General Information

Sunlenca (lenacapavir) is a human immunodeficiency virus type 1 (HIV-1) capsid inhibitor.

Sunlenca is specifically indicated for use in combination with other antiretroviral(s), is indicated for the treatment of human immunodeficiency virus type 1 (HIV-1) infection in heavily treatment-experienced adults with multidrug resistant HIV-1 infection failing their current antiretroviral regimen due to resistance, intolerance, or safety considerations.
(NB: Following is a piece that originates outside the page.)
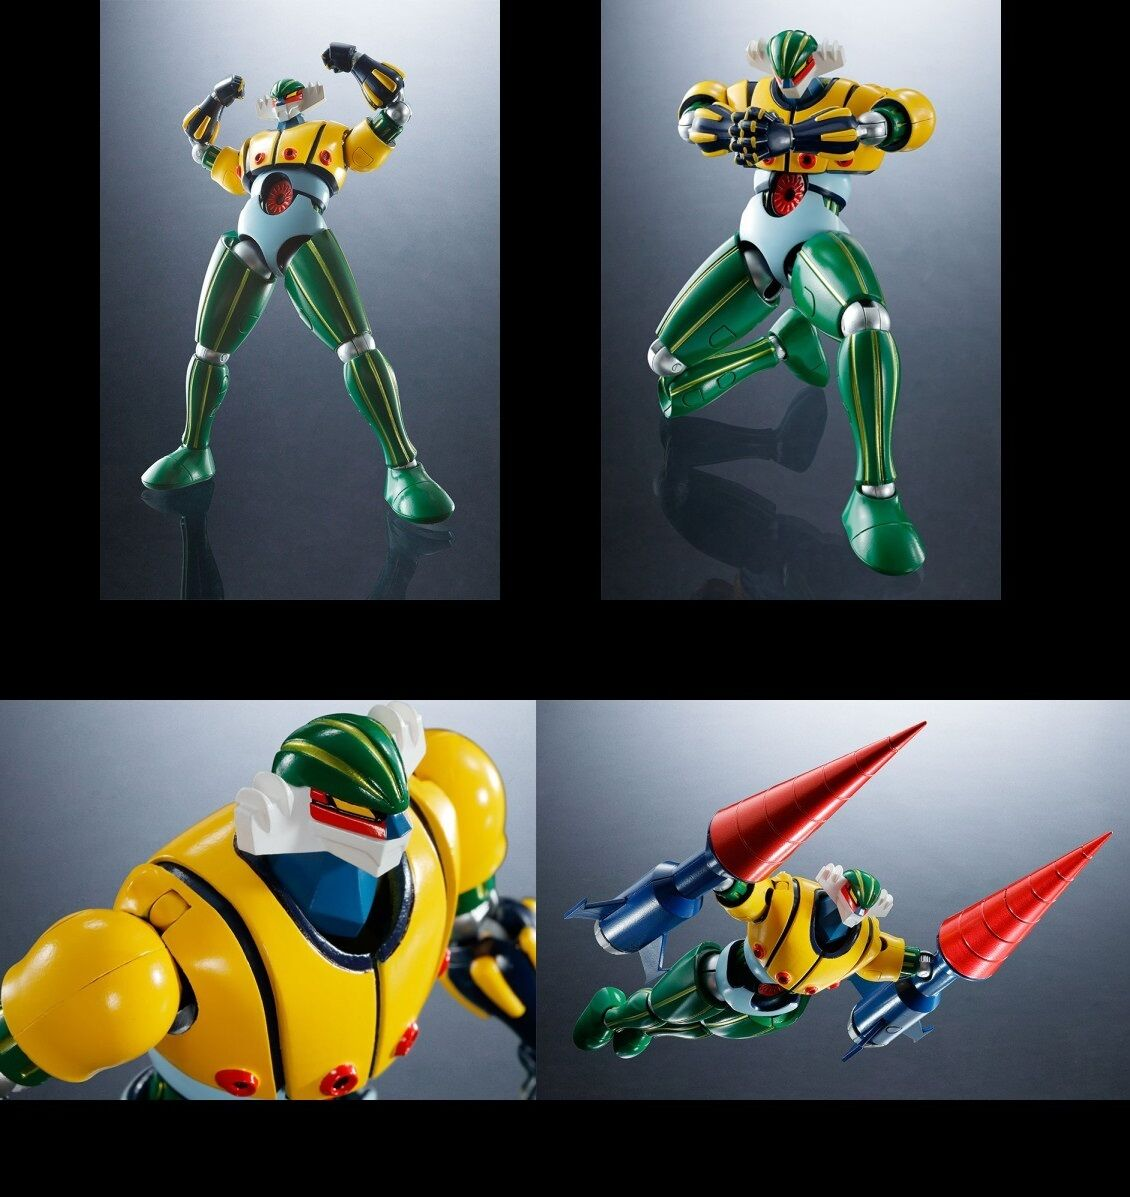 -=] BANDAI - Kotetsu Jeeg Robot d'Acciaio Super Robot Chogokin [=-

Recommended dosage – Initiation with one of two options followed by once every 6-months maintenance dosing. Tablets may be taken without regard to food.

OPTION 1

Treatment Time

Dosage of Sunlenca: Initiation

Day 1

927 mg by subcutaneous injection (2 x 1.5 mL injections) 600 mg orally (2 x 300 mg tablets)

Day 2

600 mg orally (2 x 300 mg tablets)

Dosage of Sunlenca: Maintenance

Every 6 months (26 weeks) from date of last injection +/-2 weeks

927 mg by subcutaneous injection (2 x 1.5 mL injections)

OPTION 2

Treatment Time

Dosage of Sunlenca: Initiation

Day 1

600 mg orally (2 x 300 mg tablets)

Day 2

600 mg orally (2 x 300 mg tablets)

Day 8

300 mg orally (1 x 300 mg tablet)

Day 15

927 mg by subcutaneous injection (2 x 1.5 mL injections)
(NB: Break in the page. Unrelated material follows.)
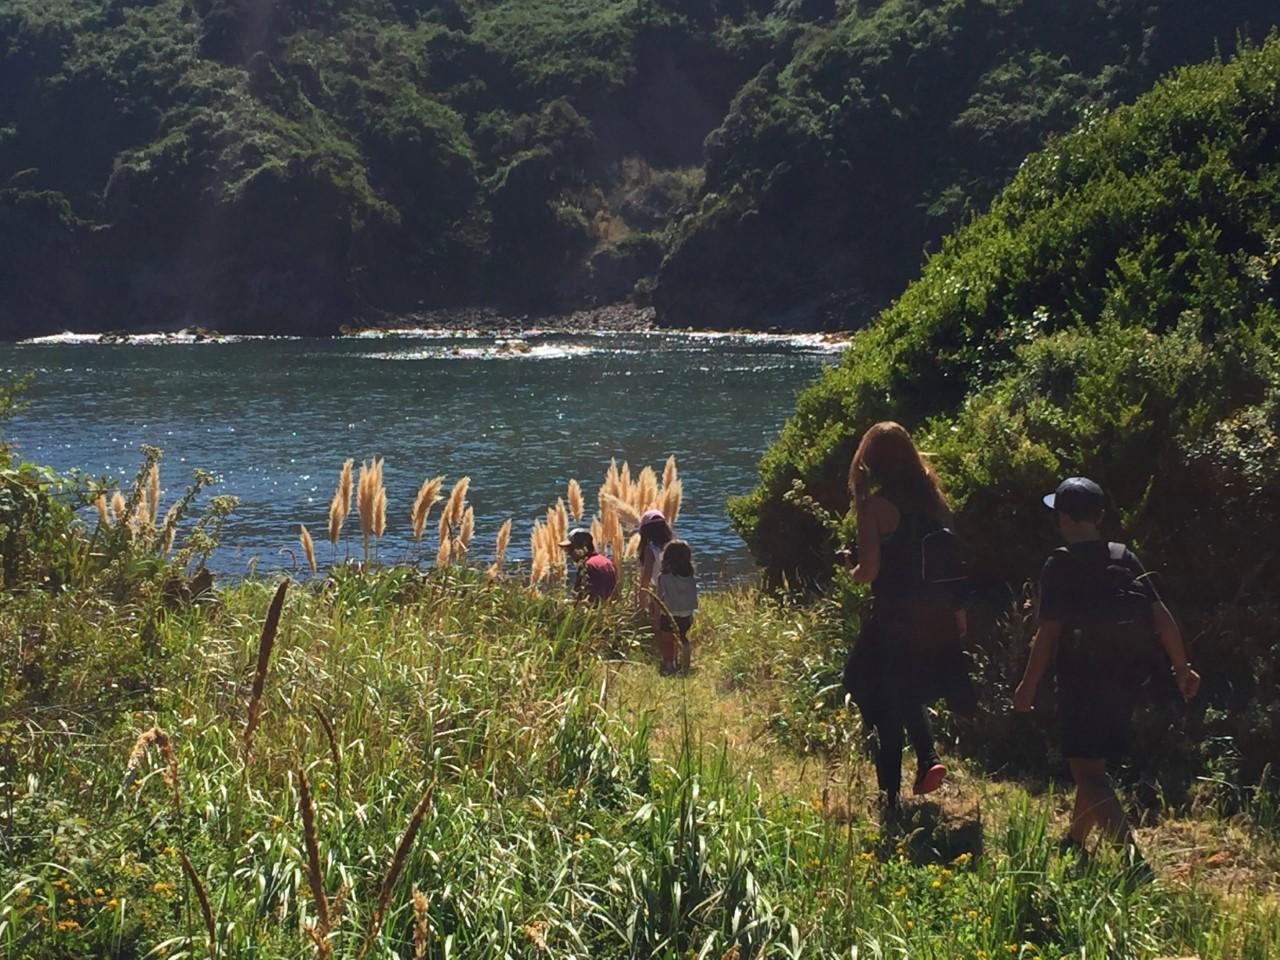 Trekking en Hotel Mari Mari con una familia caminando entre naturaleza

Dosage of Sunlenca: Maintenance

Every 6 months (26 weeks) from date of last injection +/-2 weeks

927 mg by subcutaneous injection (2 x 1.5 mL injections)

Missed Dose

During the maintenance period, if more than 28 weeks have elapsed since the last injection and if clinically appropriate to continue Sunlenca treatment, restart the initiation dosage regimen from Day 1, using either Option 1 or Option 2

Mechanism of Action

Sunlenca (lenacapavir) is a multistage, selective inhibitor of HIV-1 capsid function that directly binds to the interface between capsid protein (p24) subunits in hexamers. Lenacapavir inhibits HIV-1 replication by interfering with multiple essential steps of the viral lifecycle, including capsid-mediated nuclear uptake of HIV-1 proviral DNA (by blocking nuclear import proteins binding to capsid), virus assembly and release (by interfering with Gag/Gag-Pol functioning, reducing production of capsid protein subunits), and capsid core formation (by disrupting the rate of capsid subunit association, leading to malformed capsids).

Clinical Trial Results

The FDA approval of Sunlenca was based on data from the Phase 2/3 CAPELLA trial, which evaluated lenacapavir in combination with an optimized background regimen in people with multi-drug resistant HIV-1 who are heavily treatment experienced. CAPELLA participants had undergone previous treatment with a median of nine antiretroviral medications. The study enrolled 36 adults who were randomized 2:1 to receive oral lenacapavir or placebo for 14 days, in addition to continuing their failing regimen (functional monotherapy). Of the 24 people randomized to the lenacapavir group, the median baseline viral load was 4.2 log10 copies/mL and 67% had a CD4 count of less than 200 cells/uL. A statistically significant greater proportion of participants receiving lenacapavir met the primary endpoint of a viral load reduction of at least 0.5 log10 copies/mL from baseline compared with those receiving placebo at the end of the 14-day functional monotherapy period (88% vs. 17%). Additionally, the lenacapavir group achieved a statistically significant greater mean change in viral load versus the placebo group (-1.93 log10 copies/mL vs. -0.29 log10 copies/mL).